The day Viktor met Bern, she was twenty-two, climbing up the stairs of a Spanish hotel just after witnessing her first battle. Her face was pink, her eyes sparked angrily. She was trembling, and shook his hand hard to introduce herself, then said, Damn! I mean, damn! and went into her room and tapped at her typewriter for an hour, until she came out to the veranda, where he was waiting for her and pretending not to. She thrust a piece of paper into his hands and demanded to know if it was good, because, you see, she was determined to be a war reporter, and she’d heard he was a good one. The man she came to Spain with, a lover, wasn’t worth his weight in pig poo, she’d said, and she had to learn from someone . Viktor read the article, and said it was a job well done, B. Orton: but what does B. stand for? And she said in her French horn of a voice, Ah, well, it means Bernice but it also means that if I can fool Collier’s into thinking I’m a man, I’m a war reporter for good, and don’t you forget it. And Viktor said, To be sure. And she said he better goddamn not because they were going to be buddies, watch out.

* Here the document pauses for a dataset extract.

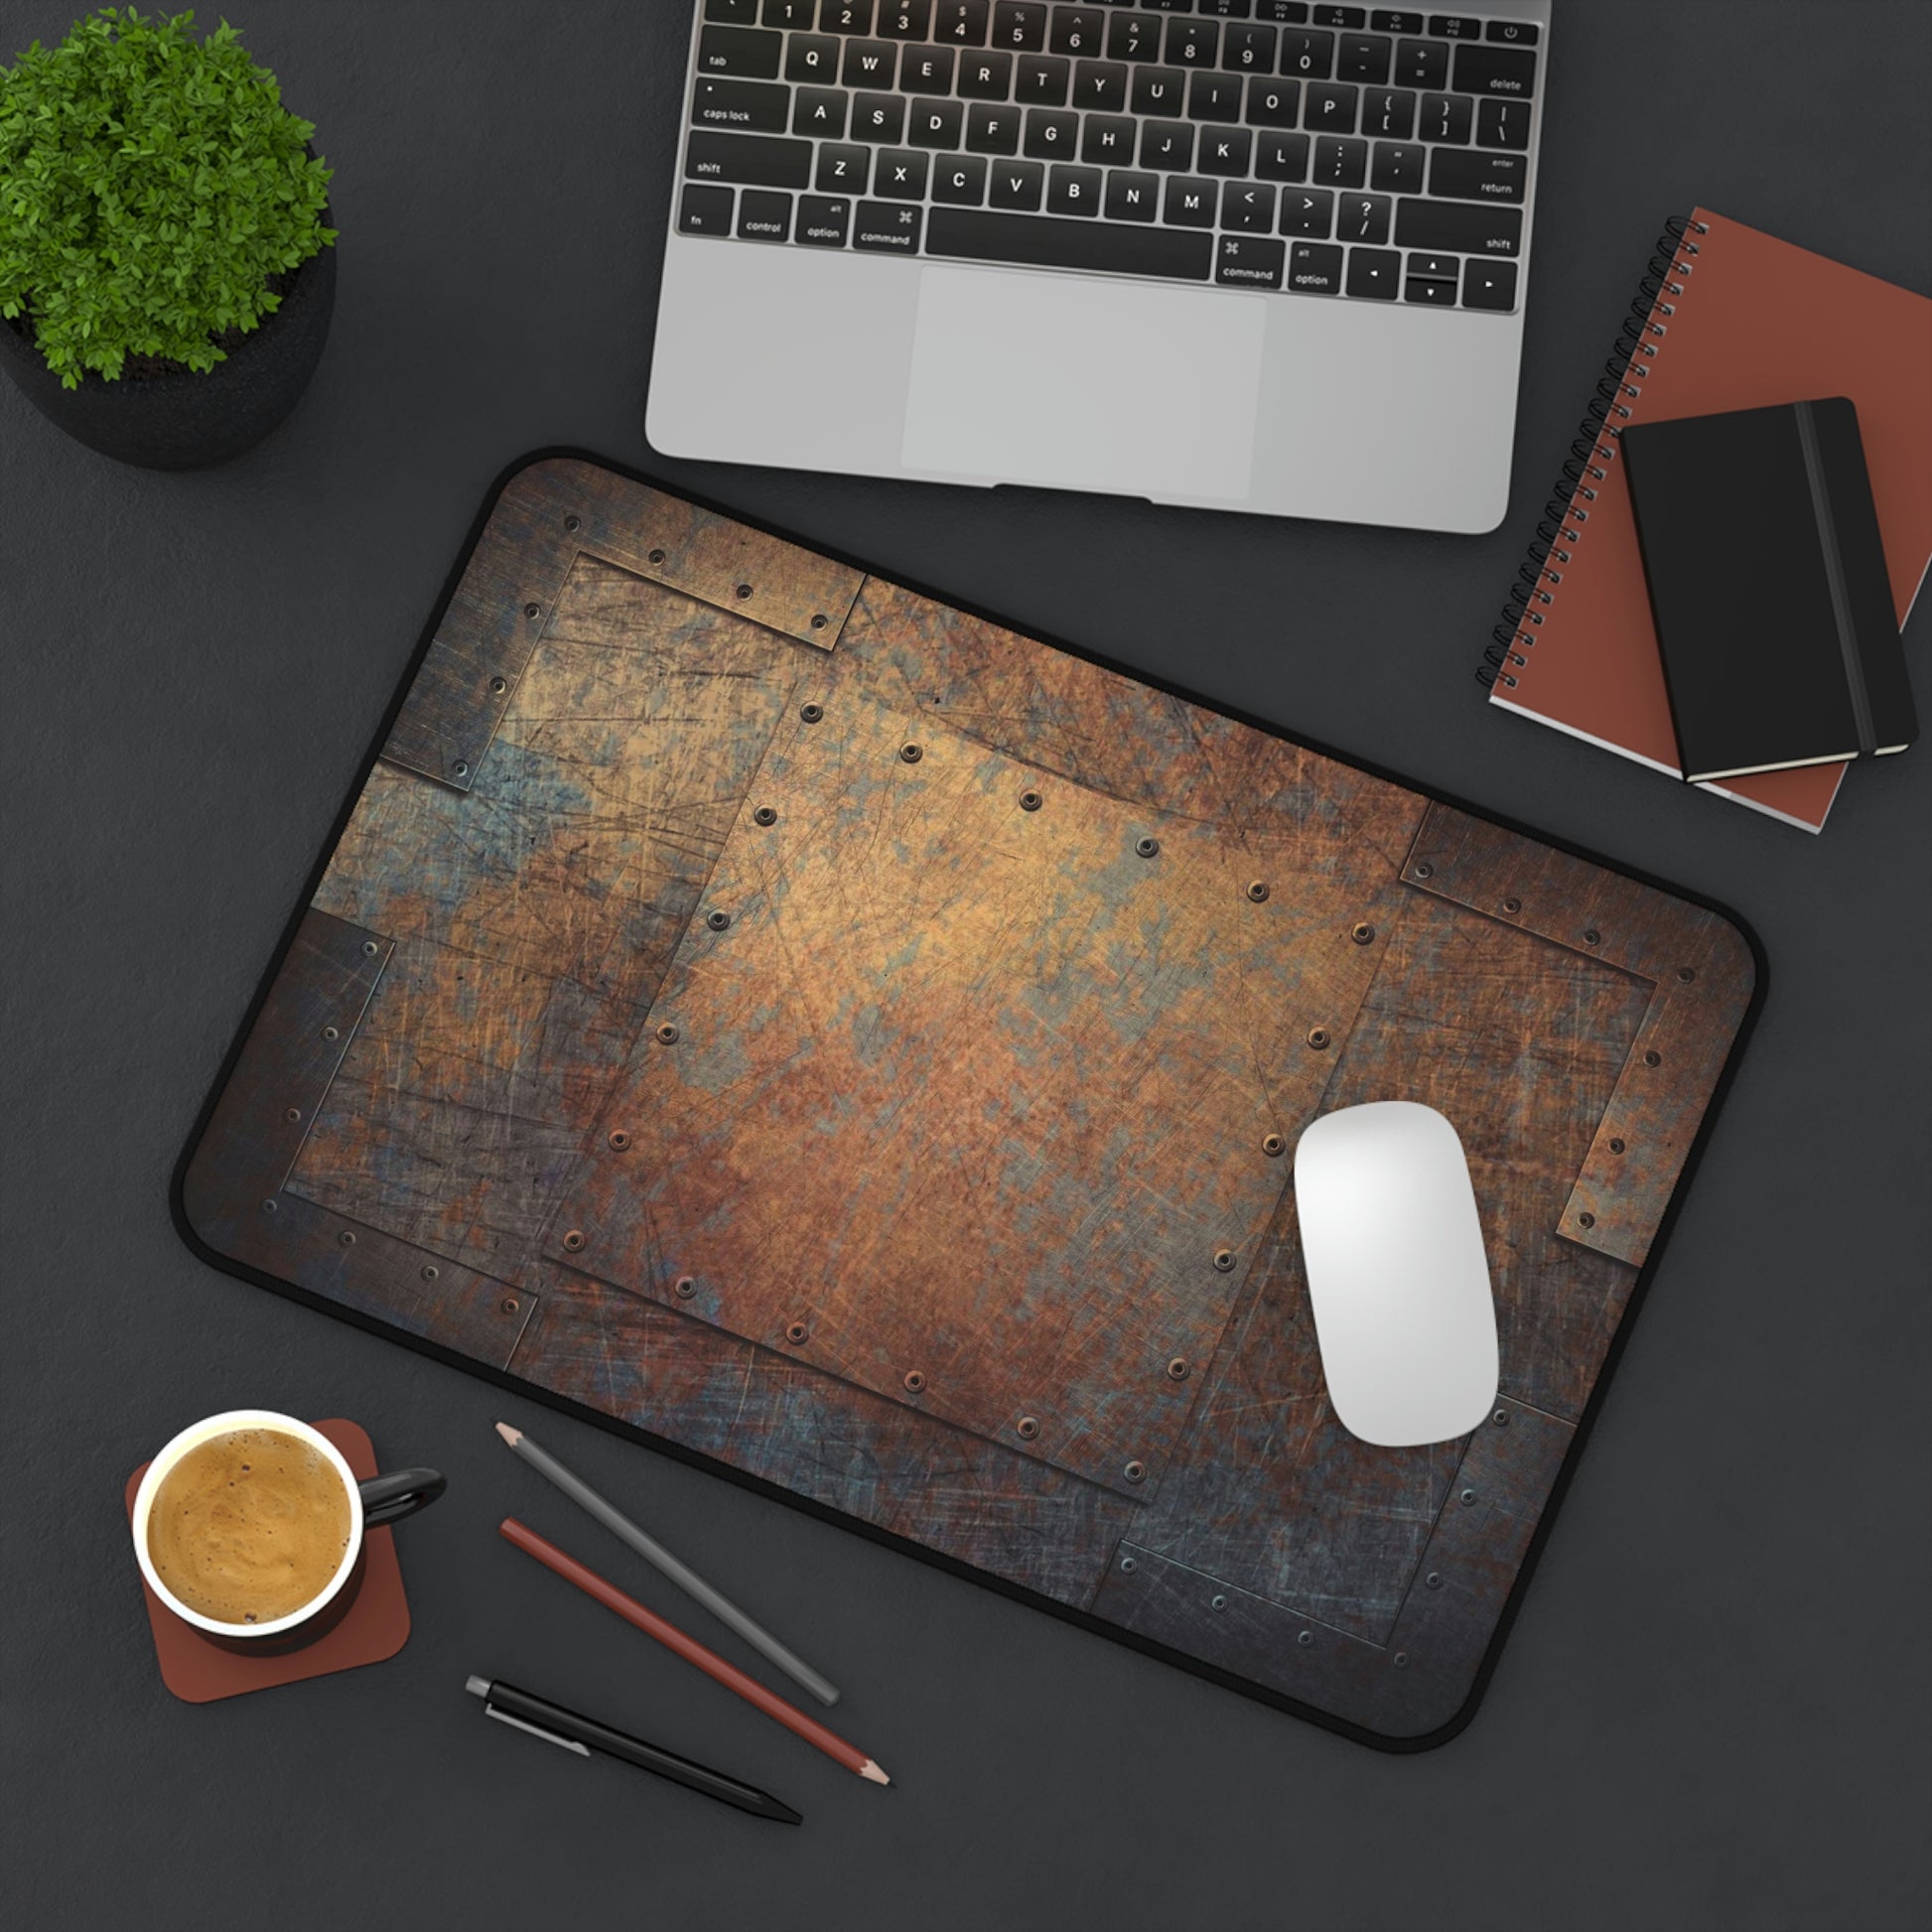 Steampunk Themed Desk Accessories - Patinated, Weather Beaten, Riveted Copper Sheets Print on Neoprene Desk Mat 12 x 18 in situ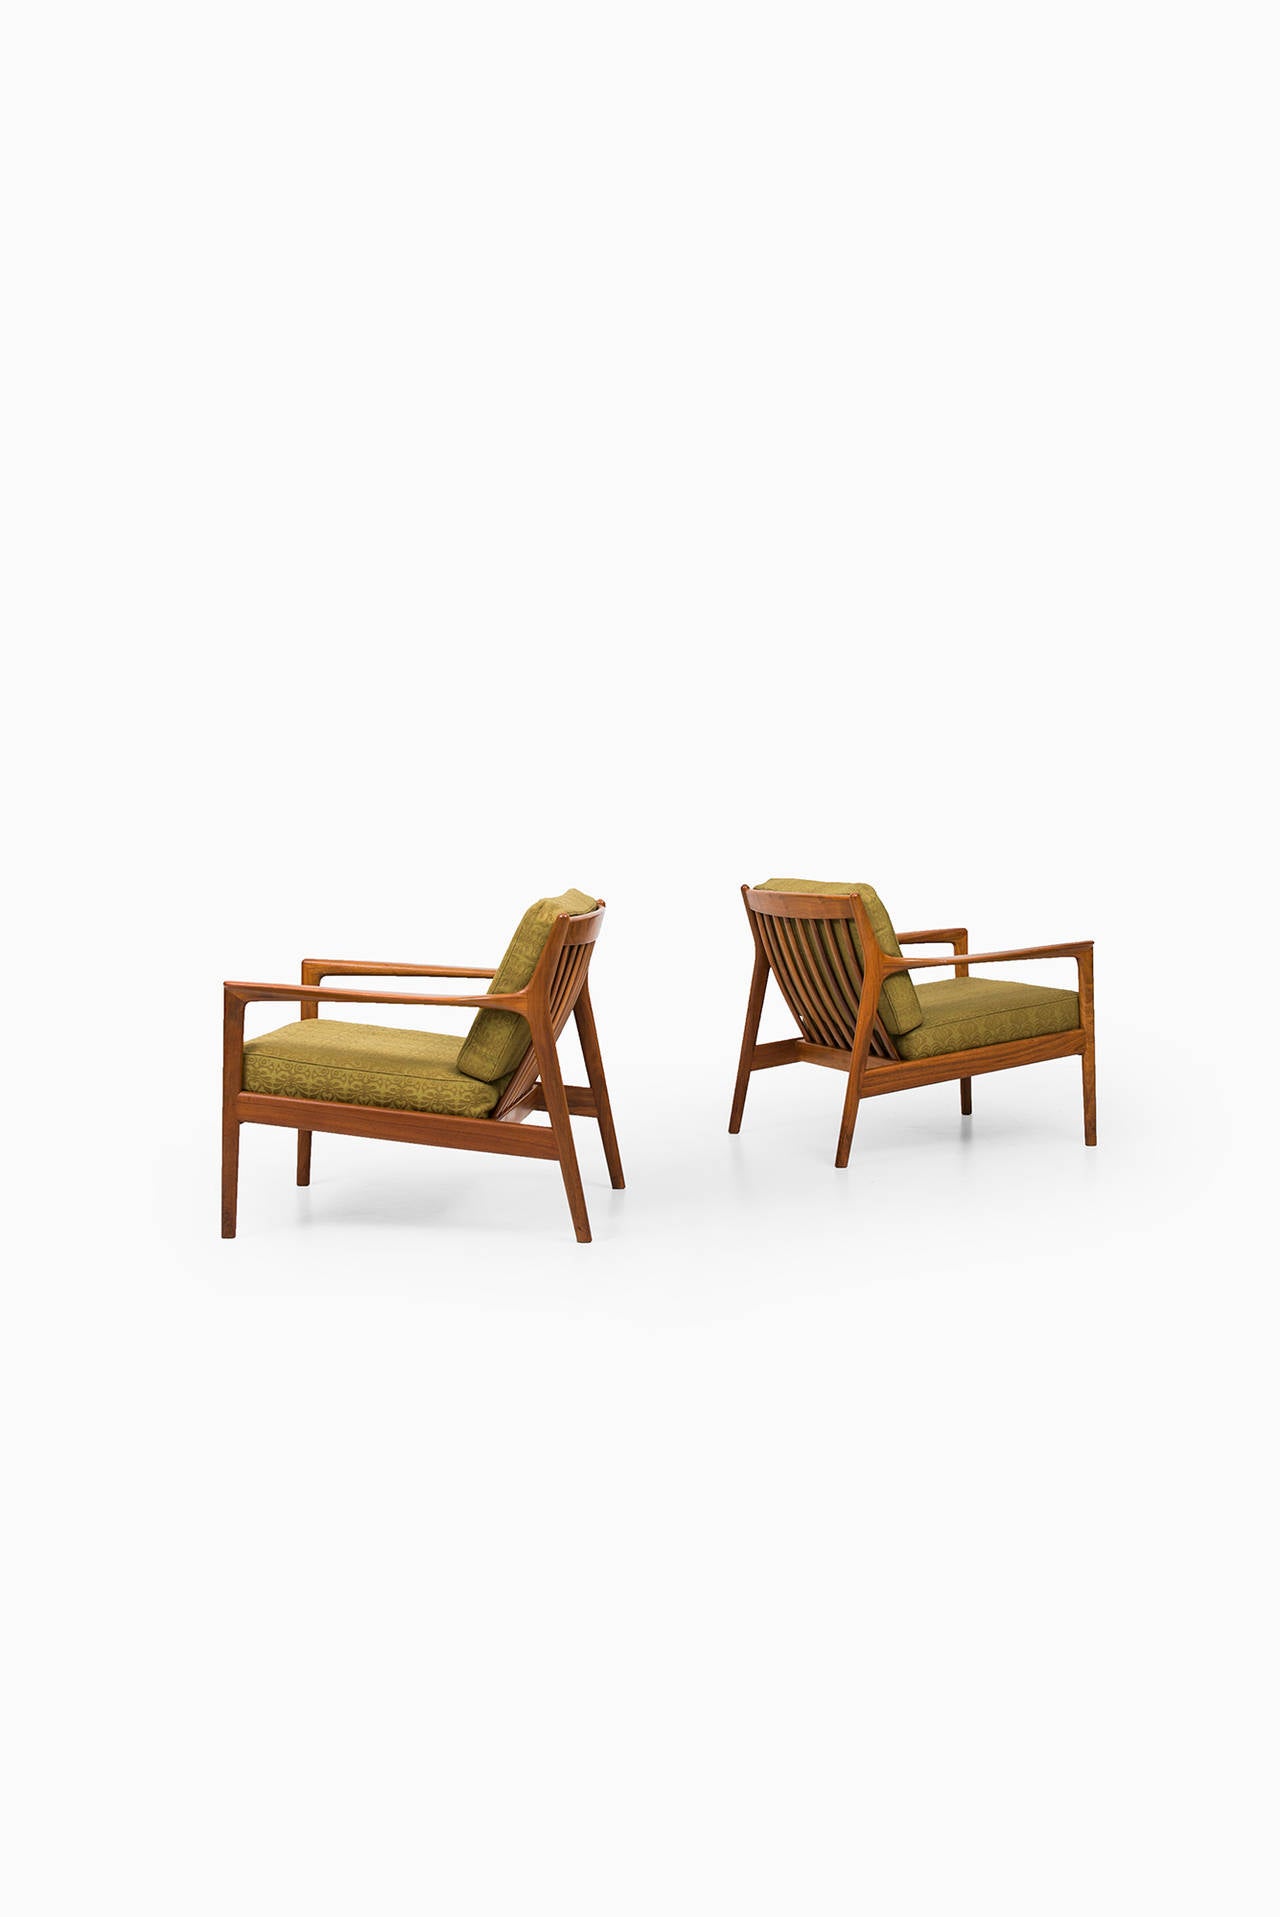 A pair of easy chairs model USA-75 designed by Folke Ohlsson. Produced by Dux in Sweden.

But they didn’t become buddies yet: he went off to a different section of the front and when they met up again, it was in a hotel right after Guernica and Viktor was having an awful time of it. He kept seeing flashes of things he tried to shunt away. Late at night he wept in the water closet, unable to stop himself; he tried to stuff his shirt in his mouth to muffle the sound, but couldn’t. For fifteen minutes, there were two dark shadows in the crack under the door, Bern’s feet, Bern’s head on the door, listening. When she came in and took off her blouse and hitched down her trousers and smiled up at him, he couldn’t think to say no.

Afterward, he kissed the delicate slice of her chin under her ear and asked her to marry him. And she laughed roughly, gave him a tweak of the ear, and said, Oh, well, Viktor, dear, now you’ve made a terrible mistake, and vanished down the dark hallway. And so, to Bern, it had been a mistake; it hadn’t happened again. Instead, he’d watched time and again as she disappeared down other hallways with Parnell. And he had to swallow it because she was who she was, a woman so removed from the women of his youth as to be a whole new gender. In her every small movement she was the woman of the future, a type that would swagger and curse, fall headlong, flaming into the hell of war, be as brave and tough as men, take the overflowing diarrhea of nervous frontline troops without grimacing, speak loudly and devastatingly, kick brain matter off their shoes and go unhurriedly on. When he looked at Bern, Viktor saw the future, and it was lovely and clean and as equal as things between men and women, between prole and patrician, could be. And he also saw that any impulse to pin her down would only make her flitter away. Some days he hated her.